START RECORDS SHOWN

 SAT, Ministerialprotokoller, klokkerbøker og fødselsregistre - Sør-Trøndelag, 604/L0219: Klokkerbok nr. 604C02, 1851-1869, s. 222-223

END RECORDS SHOWN
START RECORDS SHOWN

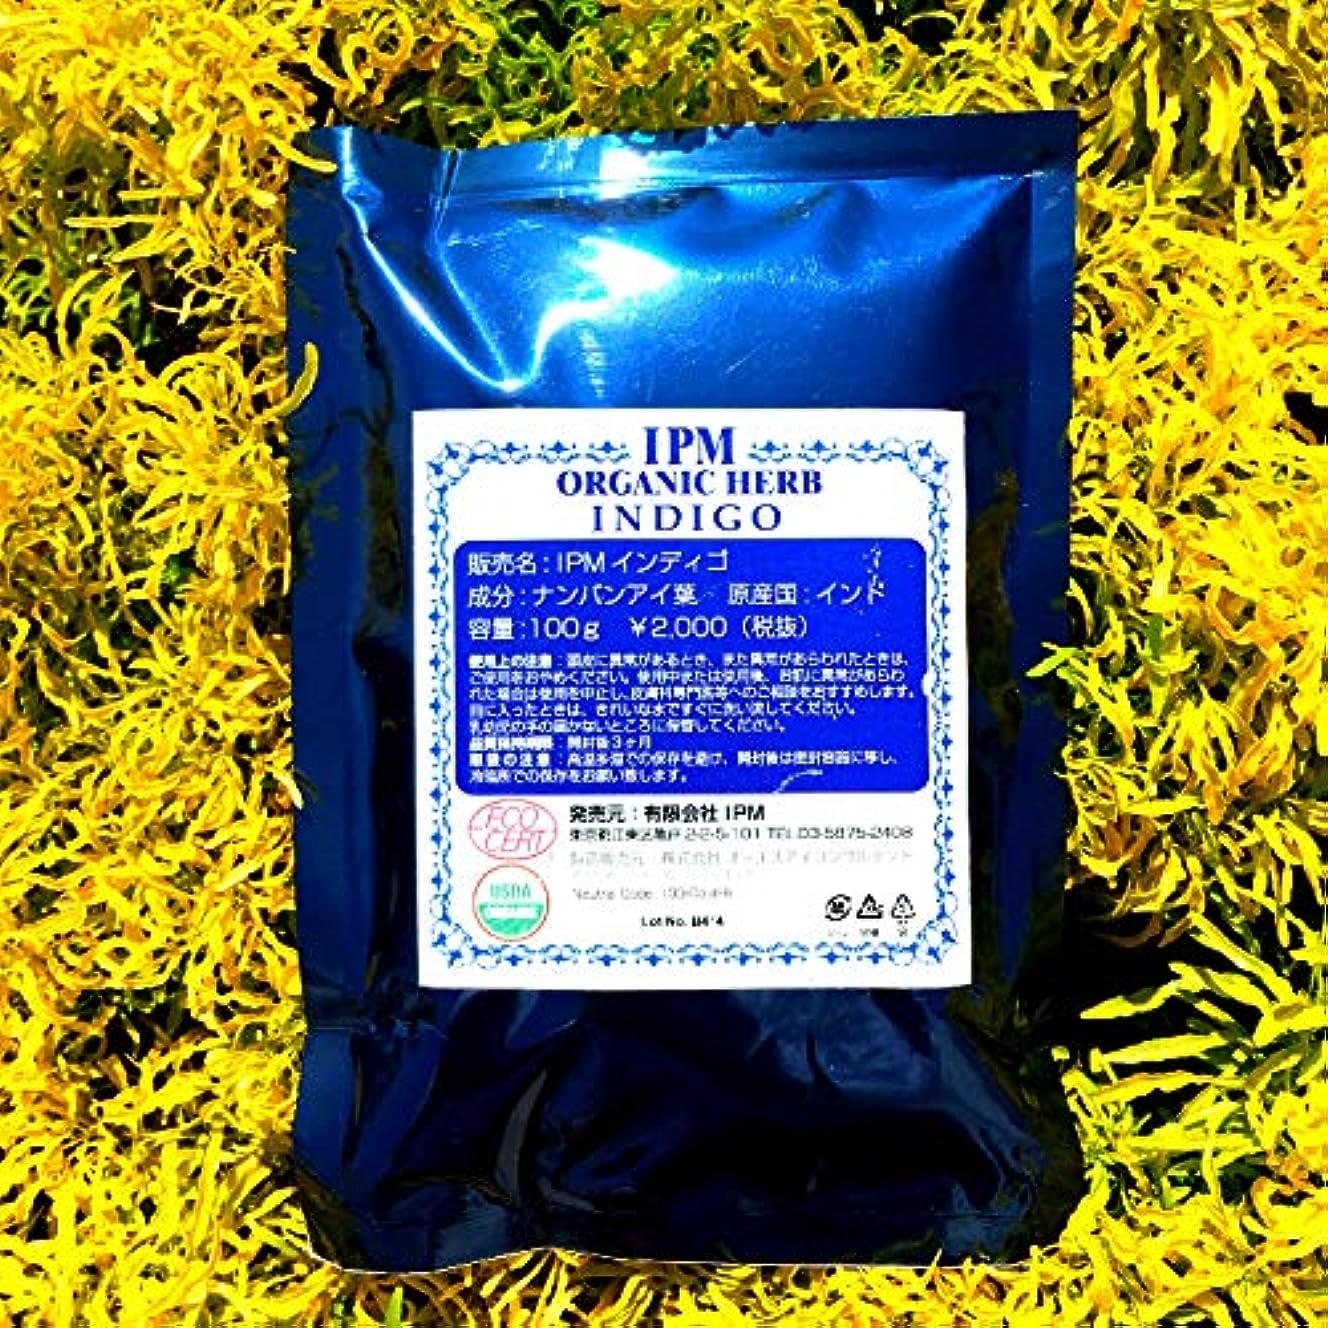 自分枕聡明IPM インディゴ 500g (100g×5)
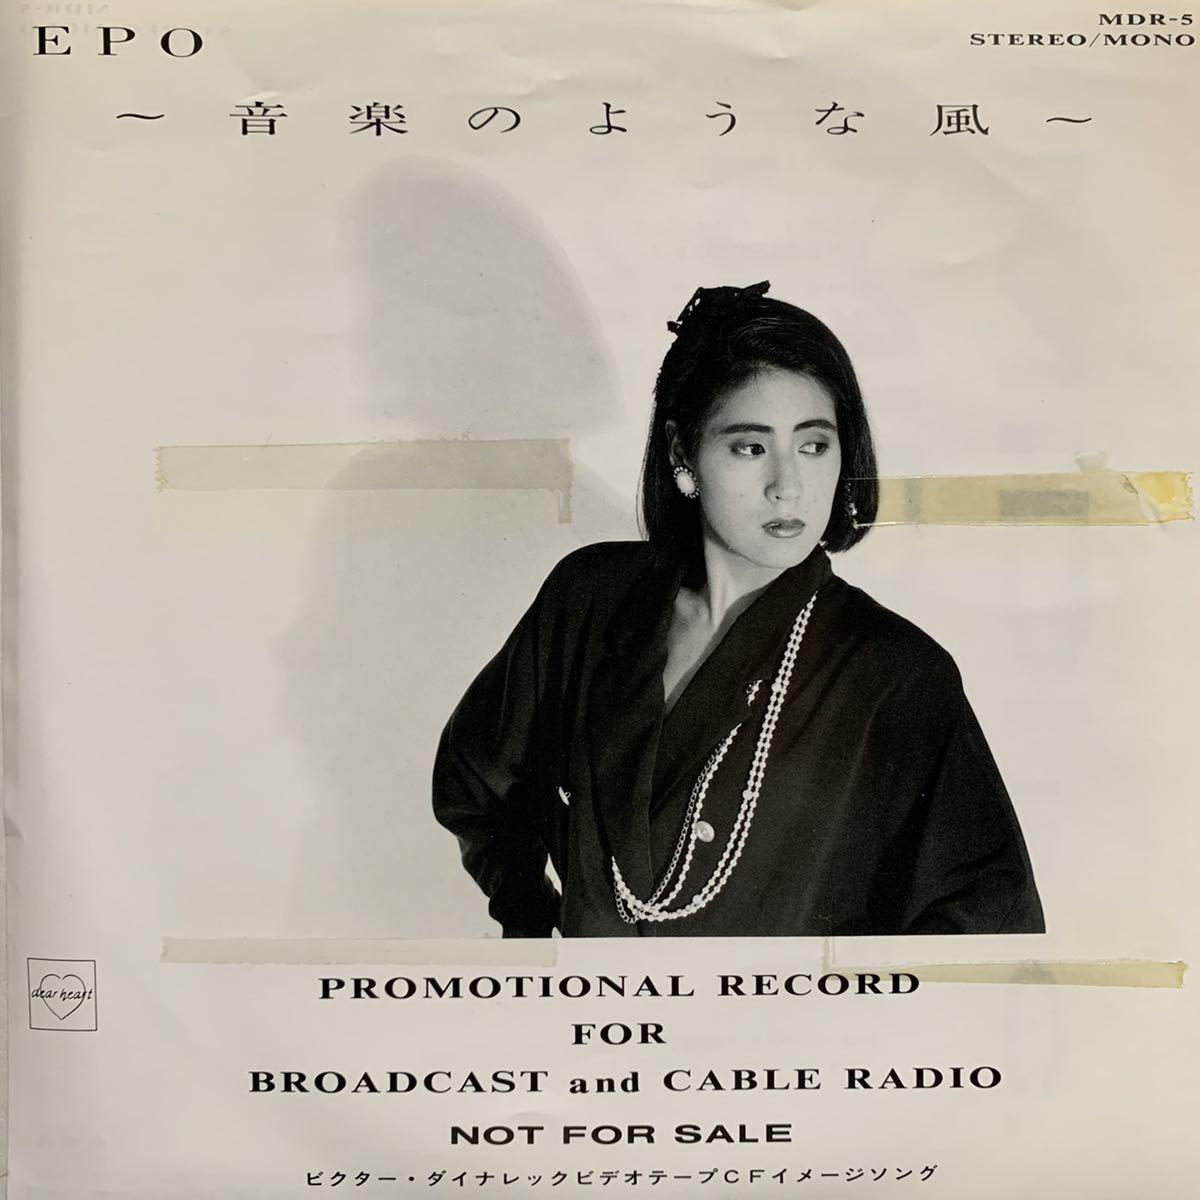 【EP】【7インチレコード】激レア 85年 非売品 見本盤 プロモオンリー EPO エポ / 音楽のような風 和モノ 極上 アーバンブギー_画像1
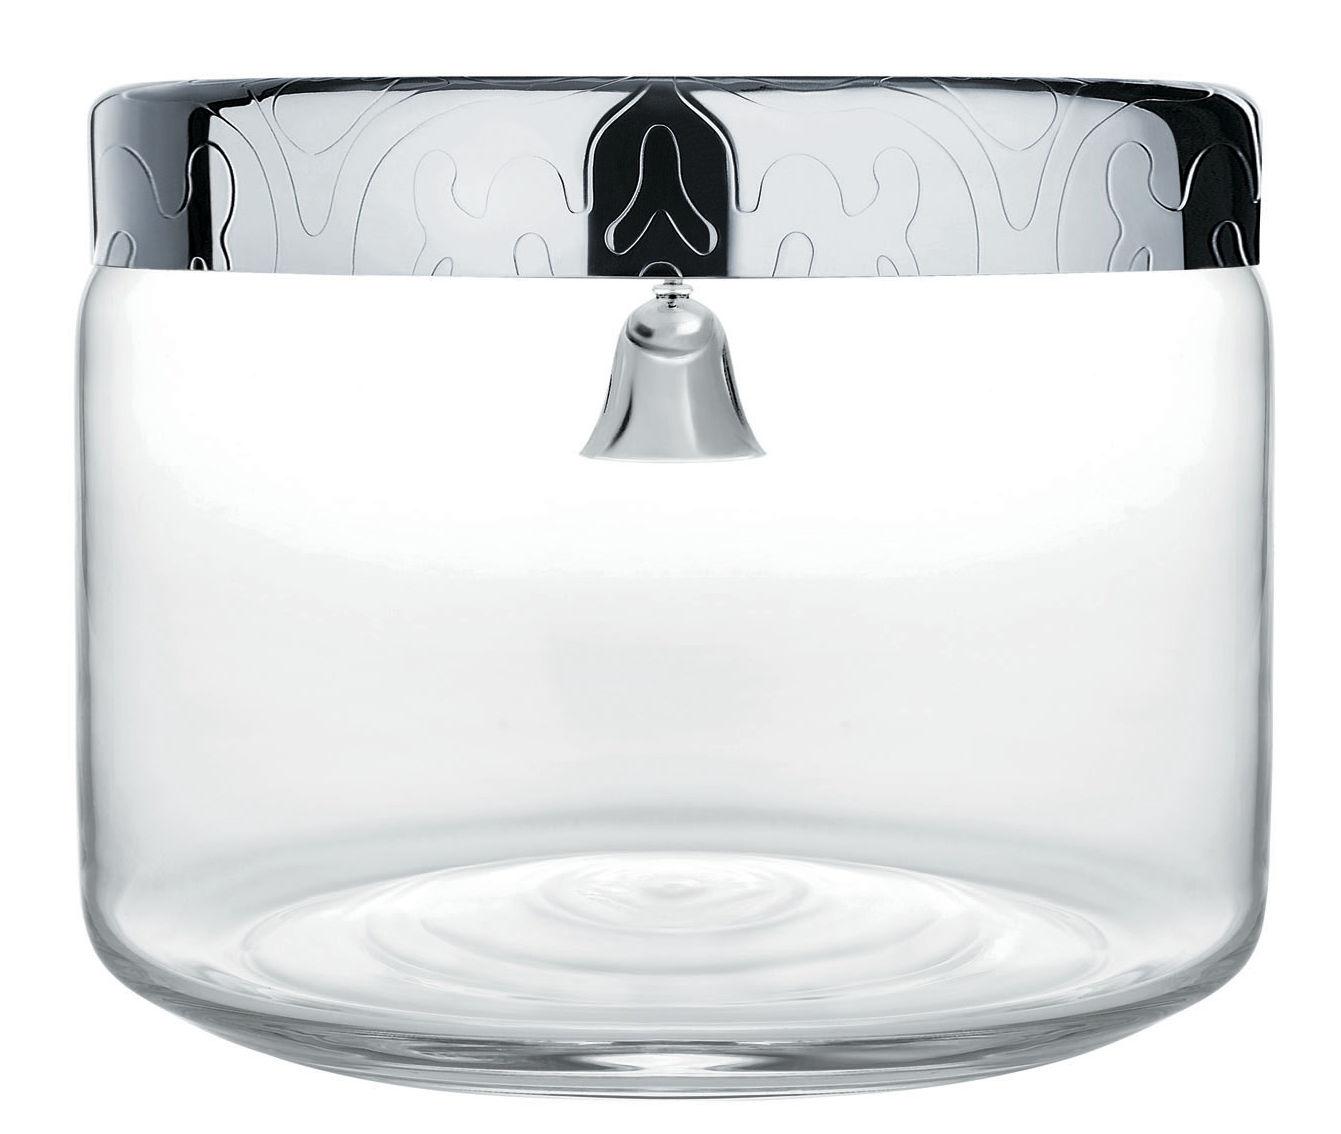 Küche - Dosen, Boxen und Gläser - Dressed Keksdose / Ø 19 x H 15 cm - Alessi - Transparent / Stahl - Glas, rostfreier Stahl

END RECORDS SHOWN

### [WHAT IS NEEDED]
Using the entries above, transcribe every line from the line containing "和モノ 極上 アーバンブギー_画像1" through the line containing "Küche - Dosen, Boxen". Do not copy pictures.

### [ANSWER SPACE]
 【EP】【7インチレコード】激レア 85年 非売品 見本盤 プロモオンリー EPO エポ / 音楽のような風 和モノ 極上 アーバンブギー_画像1
 Küche - Dosen, Boxen und Gläser - Dressed Keksdose / Ø 19 x H 15 cm - Alessi - Transparent / Stahl - Glas, rostfreier Stahl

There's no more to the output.